Посреди бела дня он приходит на хутор Пагреже, когда Иванов сидит во дворе на колоде и разжигает печурку.
— Бог в помощь, — тяжело дыша, произносит Иисус, ибо жара так и жжет мозги, и Иванов то съеживается, то снова вытягивается на колоде, как резиновый. — Как здоровьице, спрашиваю?.. В могилку на отдых еще не тянет?
— Не тянет, не тянет, — смеется Иванов и как ни в чем не бывало подкидывает в огонь хворост.
Тетя Ангеля несла в хлев охапку сена и вдруг остановилась как вкопанная, потом бросилась в хлев, теряя на ходу калоши, в одних шерстяных носках, бросила сено где попало, обхватила руками коровью шею и все гладит, гладит ее вздувшийся теплый бок.
— Чего испугалась? — говорит Иисус. — Я ведь не дьявол.
Он потянул ее за руку, и тетя упала на кучу сена. Устал я, сказал Иисус, устал; он локтями и автоматом уперся в тетины колени и приник к ним головой: погладь… погладь… погладь… Белокурые, длинные, чуть не до пояса волосы Иисуса спутаны в колтуны вперемежку с чертополохом, волосы все растут, а Литва и вовсе не поддается его освобождению… Что же будет тогда, когда волосы станут уже волочиться по земле, когда они покроют половину леса?..

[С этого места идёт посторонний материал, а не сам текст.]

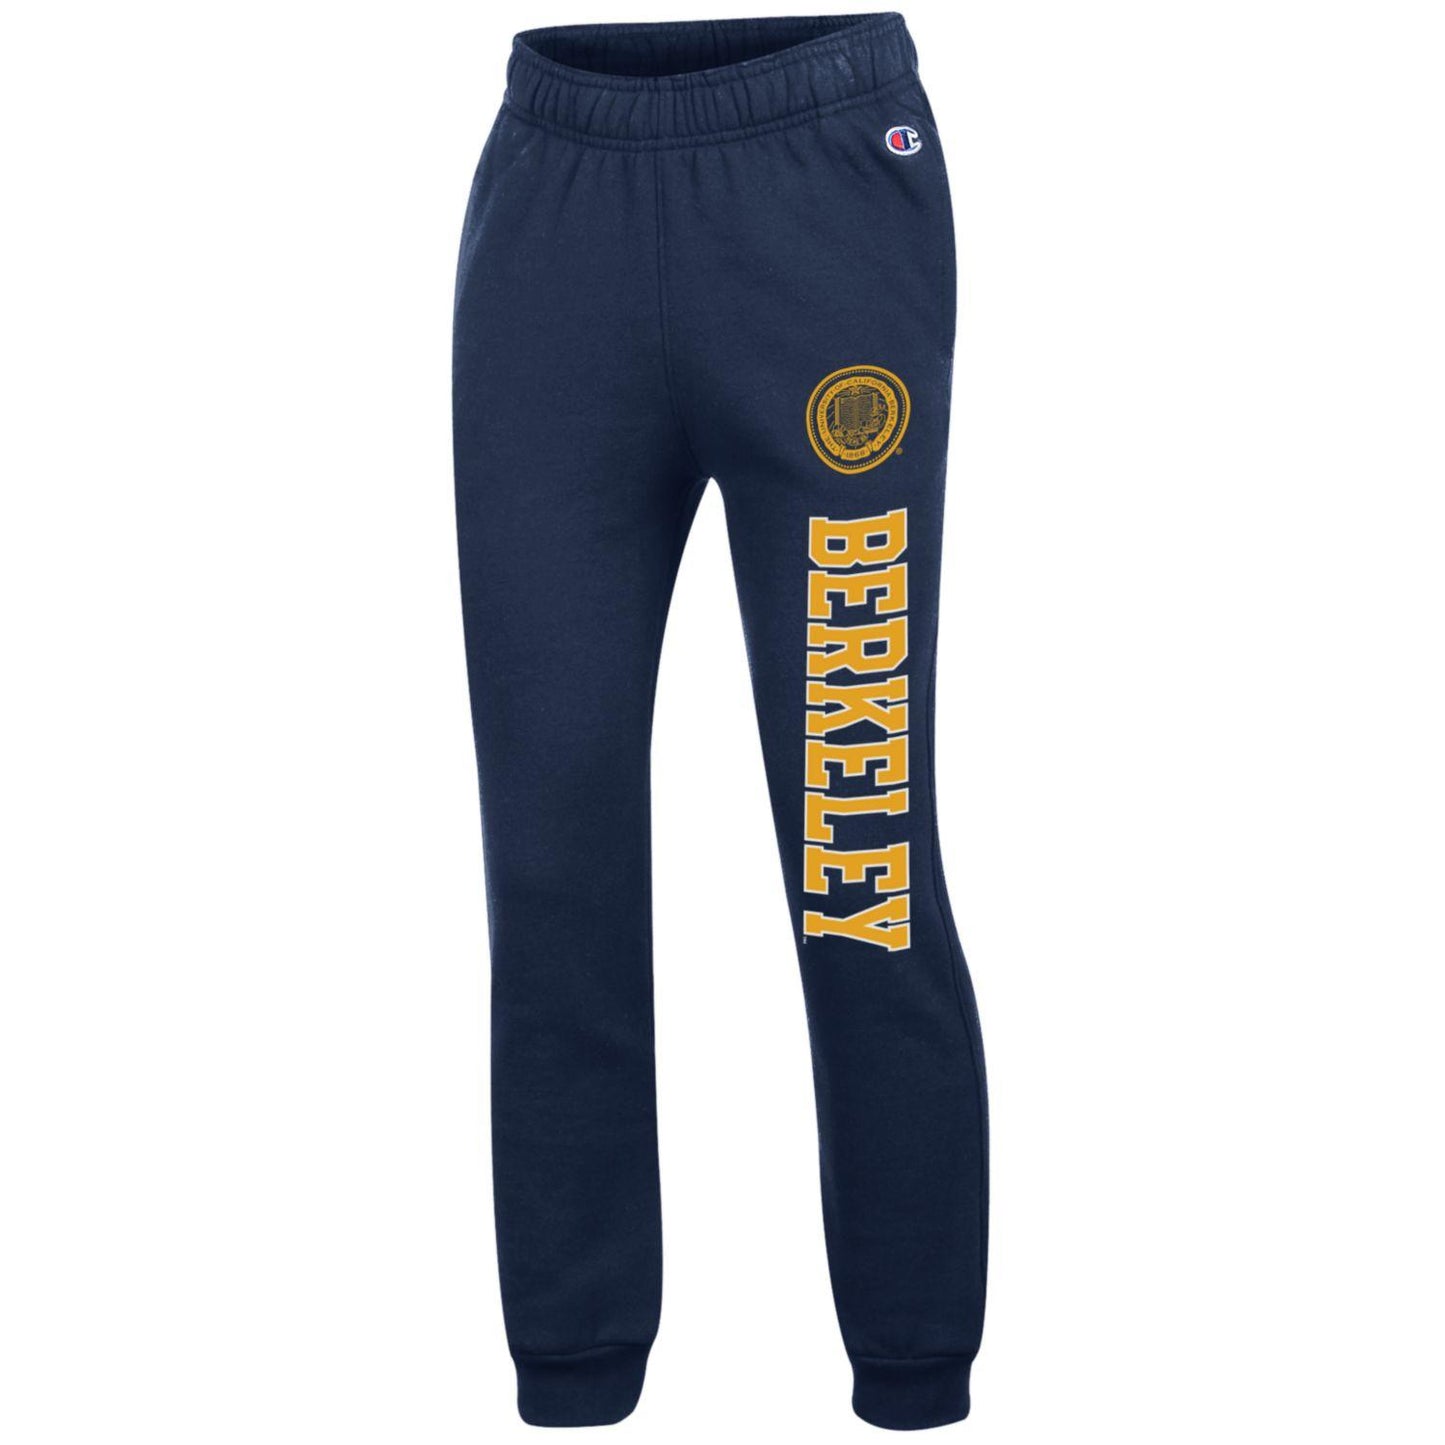 U.C. Berkeley Cal youth jogger pants-Navy-Shop College Wear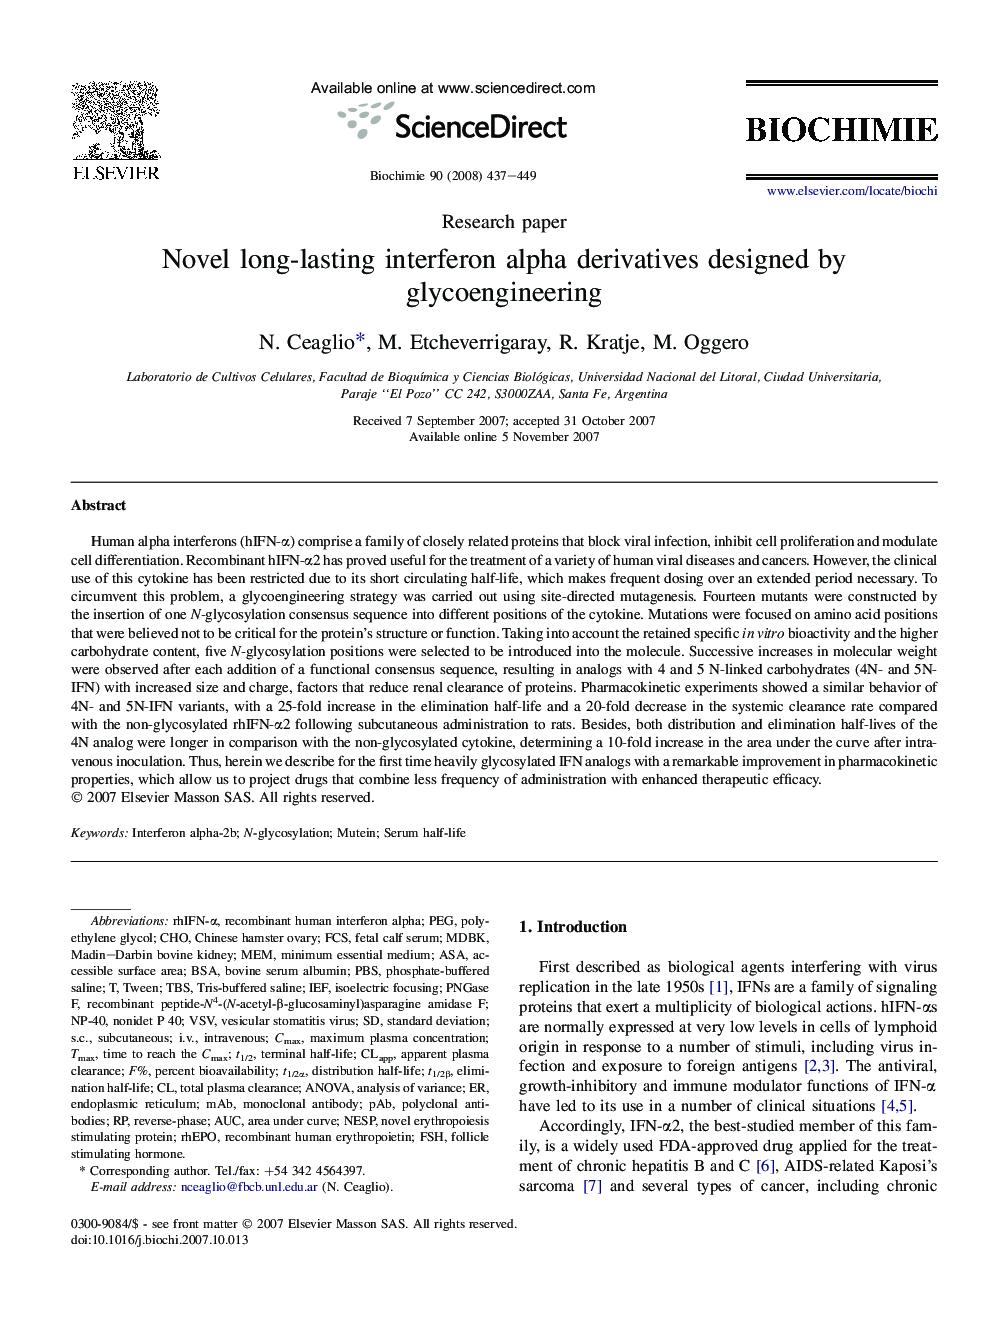 Novel long-lasting interferon alpha derivatives designed by glycoengineering

Не поглажу, говорит тетя, никогда не поглажу, пускай лучше рука у меня отсохнет… корову, скотину могу погладить, отчего не погладить, и она отталкивает от себя понемногу, но упорно, светловолосую голову, локти и автомат…
И вдруг она вскрикнула: Йонялис Иванов переступил порог хлева и с блуждающим взглядом принялся с вилами в руках кружить вокруг Иисуса, выбрасывая вперед правое плечо и ногу… Их-их-их, — поют его легкие, а вилы так и ходят в руках — из стороны в сторону, вверх, вниз над телом Иисуса… Иисус только скрипнул зубами, так и не успев выстрелить в Йонялиса Иванова, ибо тетя Ангеля прижала к себе его голову изо всех сил, словно богоматерь своего младенца… Иисус барахтается, задыхается с зажатым ртом, наконец вырывается из тетиных объятий, переворачивается на спину, и тогда Йонялис Иванов, поднатужившись, — их-их-их, — налег на рукоять своей впалой грудью, пот так и хлещет по его исхудалому лицу, а Иисус все корчится, изворачивается, каблуками выбивая куски навоза…
— Батюшки!.. Батюшки!.. — бормочет Иванов, вытаскивая из груди Иисуса окровавленные вилы, и начинает суетиться, успокаивать мечущуюся скотину, — овцы носятся по хлеву, сбивая его с ног… Потом, несколько успокоившись, он вместе с тетей Ангел ей поднимает Иисуса, чтобы он на навозе хоть не лежал, оба они озираются, куда бы положить, и с трудом укладывают его в ясли, а тетя Ангеля принимается зачем-то из его волос выдергивать чертополох… А потом, спохватившись, что тут еще и Йонялис, она вдруг вскакивает, хватает с земли ком навоза и запускает в него.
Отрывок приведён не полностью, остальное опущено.